Con los años uno se va volviendo un ser racionalista. Mas por una suerte de despecho o sentimiento de traición de su propio cuerpo hacia uno mismo, que por mera revelación filosófica. Pero el hecho es que uno se va dando cuenta (o por lo menos se trata de convencer) de que la materia perecerá pero nuestra conciencia vivirá por siempre.
Yo, como toda criatura viva, no soy la excepción a la regla; y con mis recién cumplidos 96 años, puedo certificar que fuera de toda duda, lo material se encuentra en constante desgaste y pronto todo habrá de acabarse para mi.
Pero el hecho de que el final no haya llegado todavía, no me priva de ciertas señales previas de que este se acerca; mi corazón ya no funciona bien, casi he perdido la vista y no escucho nada del lado izquierdo. No obstante, a pesar de que mis huesos son casi polvo, me enorgullezco de conservar la misma lucidez mental que cuando tenía veinte años. Mientras tenga mis recuerdos y mi independencia de razón, yo estaré satisfecho, y mientras no me alcance la demencia, podré morir en paz. Solo mis recuerdos me bastan para ser feliz, imágenes del pasado que, borrosas, todavía conservan una temporalidad ya imposible para mi. ¿Cómo olvidarme de aquellos veranos en el campo?, ¿Cómo pasar por alto aquellas tardes en que mi madre me recibía con la merienda preparada y yo, era feliz e inocente?; eran tiempos mas sencillos, eras lo que eras por vos mismo y por nadie mas; una era de seres auténticos. Recuerdo con nostalgia mi juventud y mi temprana adultez, los autos mas resistentes, la magia increíble de los primeros televisores en blanco y negro, los inquietantes dragones; escupiendo fuego sobre nuestras cabezas, su inconfundible olor a azufre y carne podrida, una estela de guerra mitológica cerniéndose sobre nuestras cabezas, como un nuevo sol, uno que auguraba muerte. Si, lo recuerdo claramente, ¡como habríamos de festejar, cuando el gran samurai Shia Chung, asesino de dragones, nos liberaría del miedo y llevaría a este país a un nuevo nacimiento!.
Hoy en día ya casi no hablo, he conservado mi cordura, pero he perdido casi todo lo que a ente físico se refiere. Son escasas las veces que salgo a caminar, y cuando decido hacerlo, se genera un gran revuelo hasta que me encuentran y me llevan de nuevo a casa, retándome. Dicen que me perdería. No saben nada.

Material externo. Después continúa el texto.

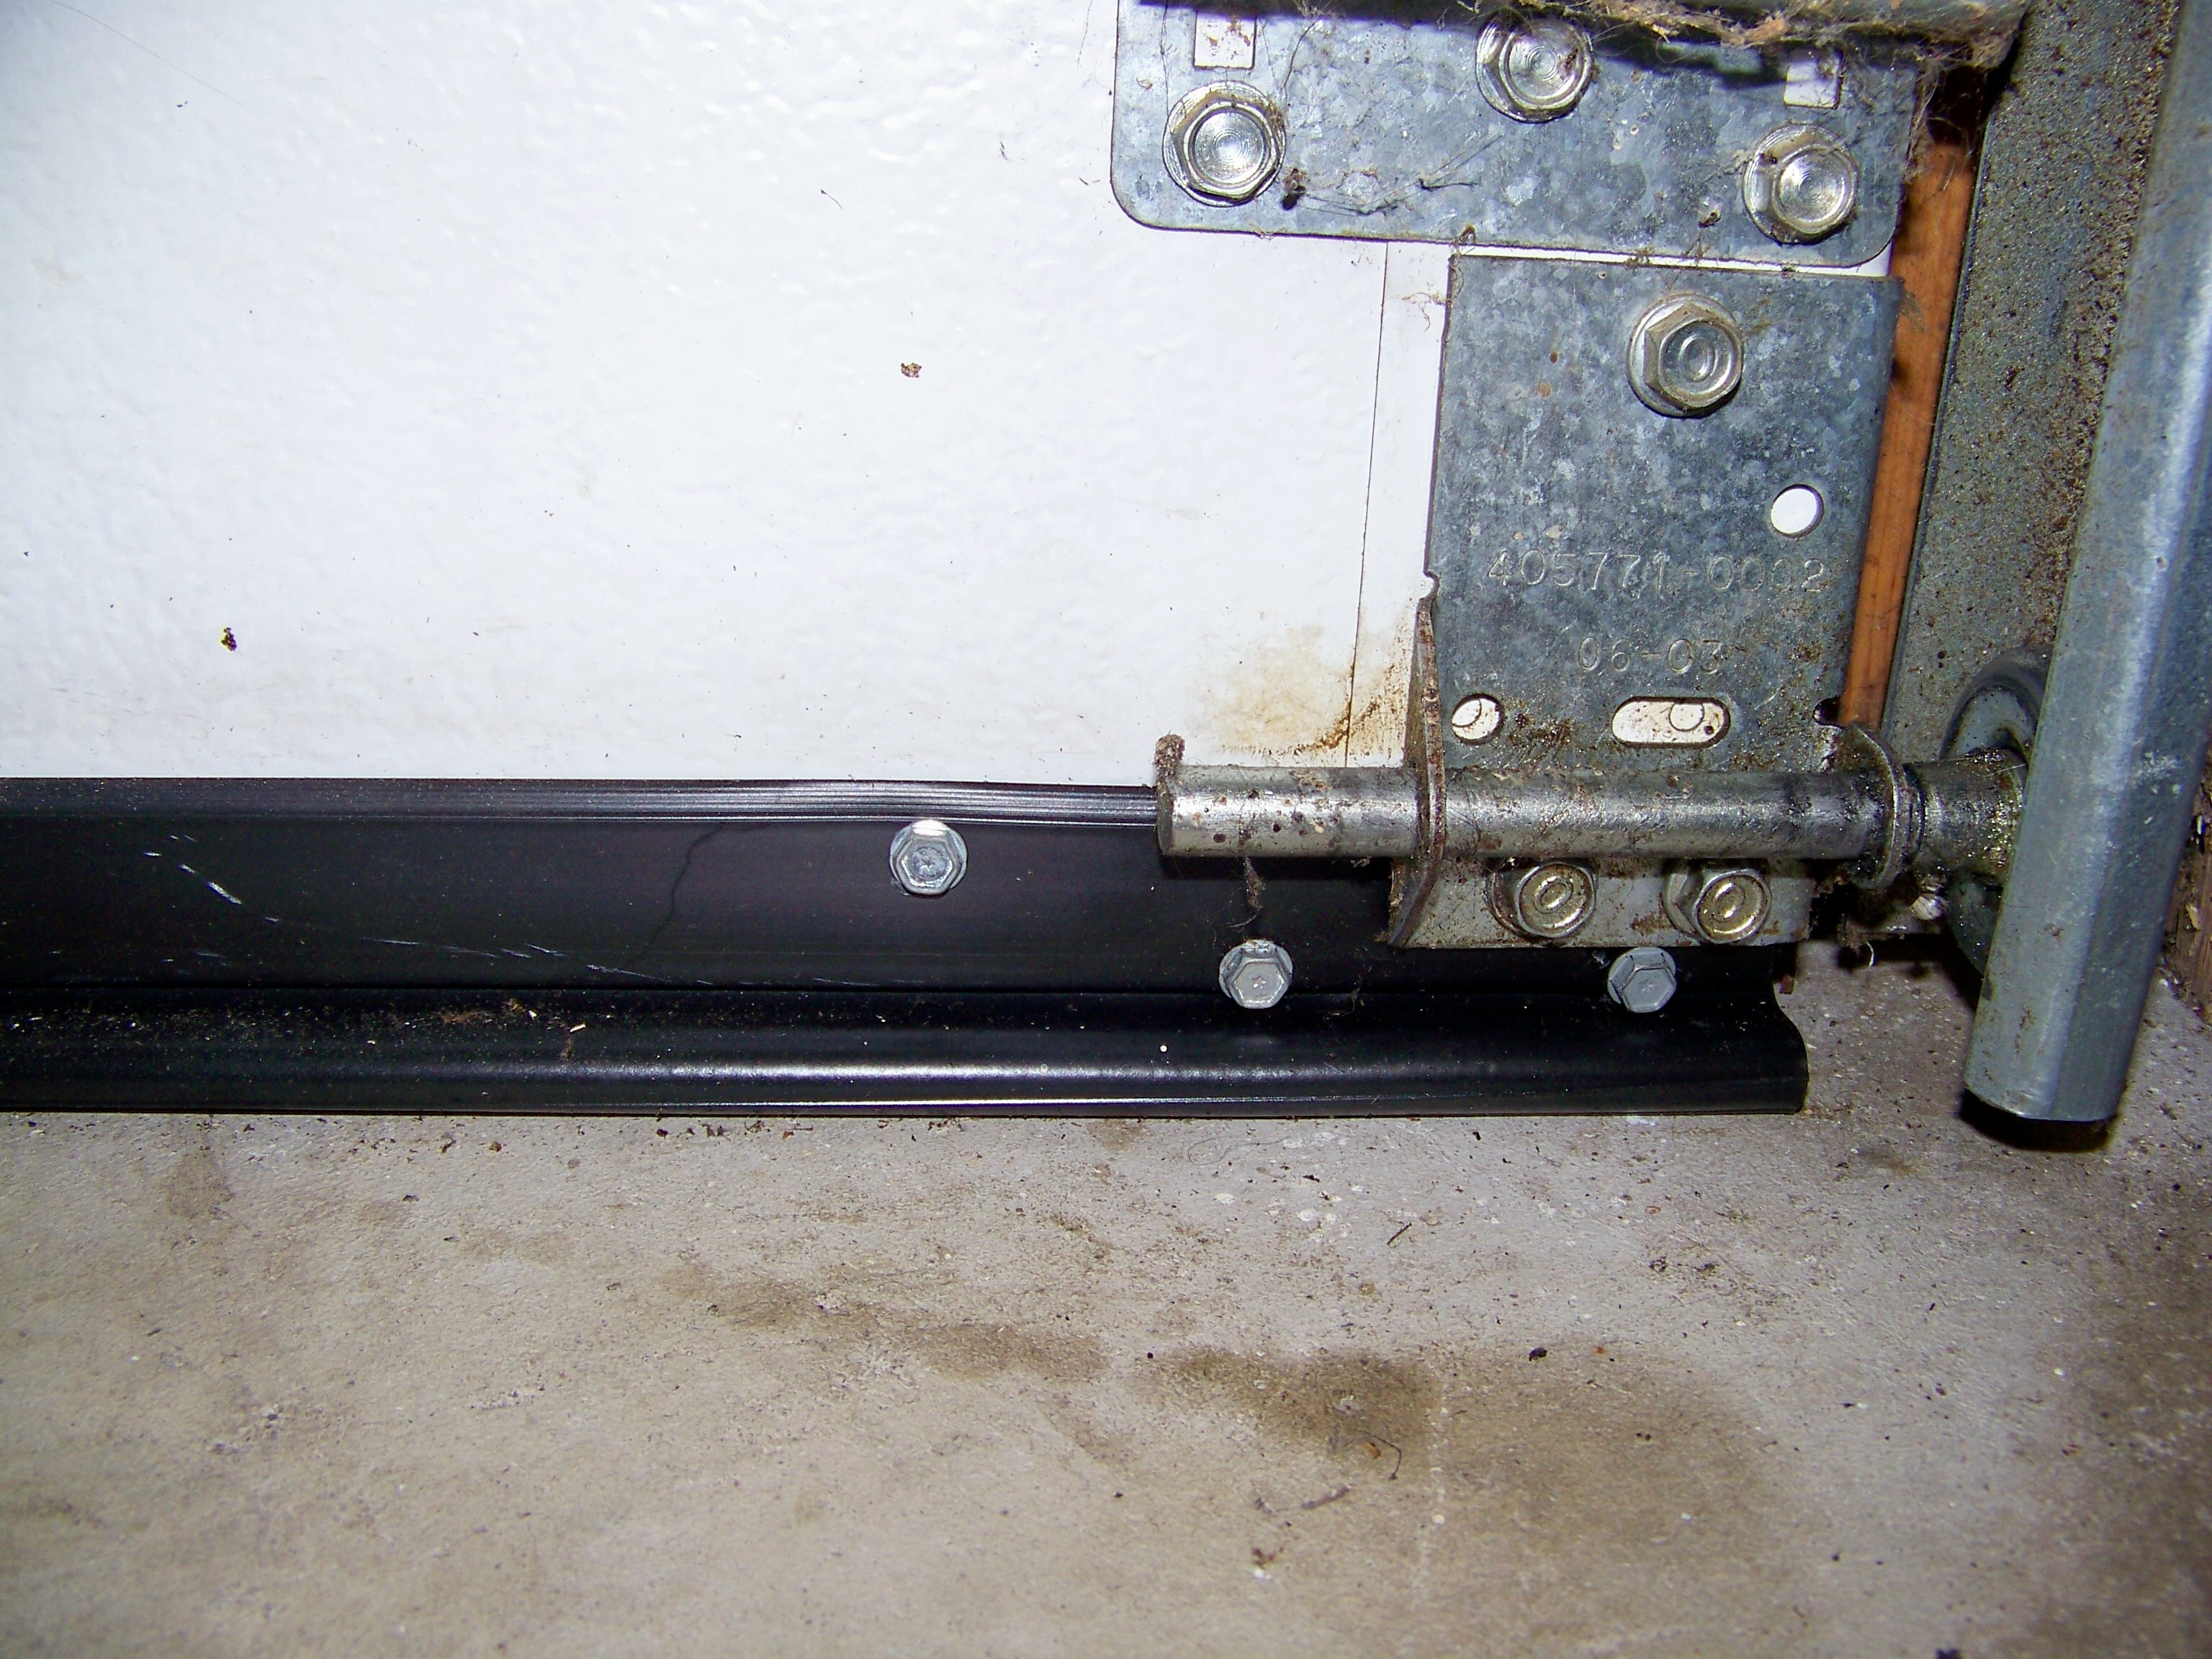 Installing Garage Door Bottom Seal Kits, How To Replace Garage Door Bottom Seal

A veces, después de que mi hija, Evelyn, me ayude a comer (algo bien procesado, ya que los músculos de mis brazos son casi nulos y conservo pocos dientes en mi boca), me gusta sentarme largas horas en el patio de adelante y que el sol me pegue en la cara, y mientras un destello de reflejo solar se proyecta en mis ojos ya cansados, y el calor se extiende por mi desgastada piel, me gusta recordar épocas doradas, en las que navegaba los siete mares, combatía piratas y era feliz. Quizá dejo que se me escape una lágrima, pero nunca mas de una por los viejos tiempos.
Cuando llega la noche, Evy me cambia y me arropa en mi cama, me besa la frente y me mira con amor y con tristeza. Luego apaga la luz y se va a su habitación, dejando en mi garganta un “te quiero” que nunca tocará la luz; se perderá en mi garganta y en esa espesa oscuridad de la que temo y en la que alguna noche cercana habré de irme para no volver, llevándome para siempre un beso de mi hija, y un “te quiero” en el corazón.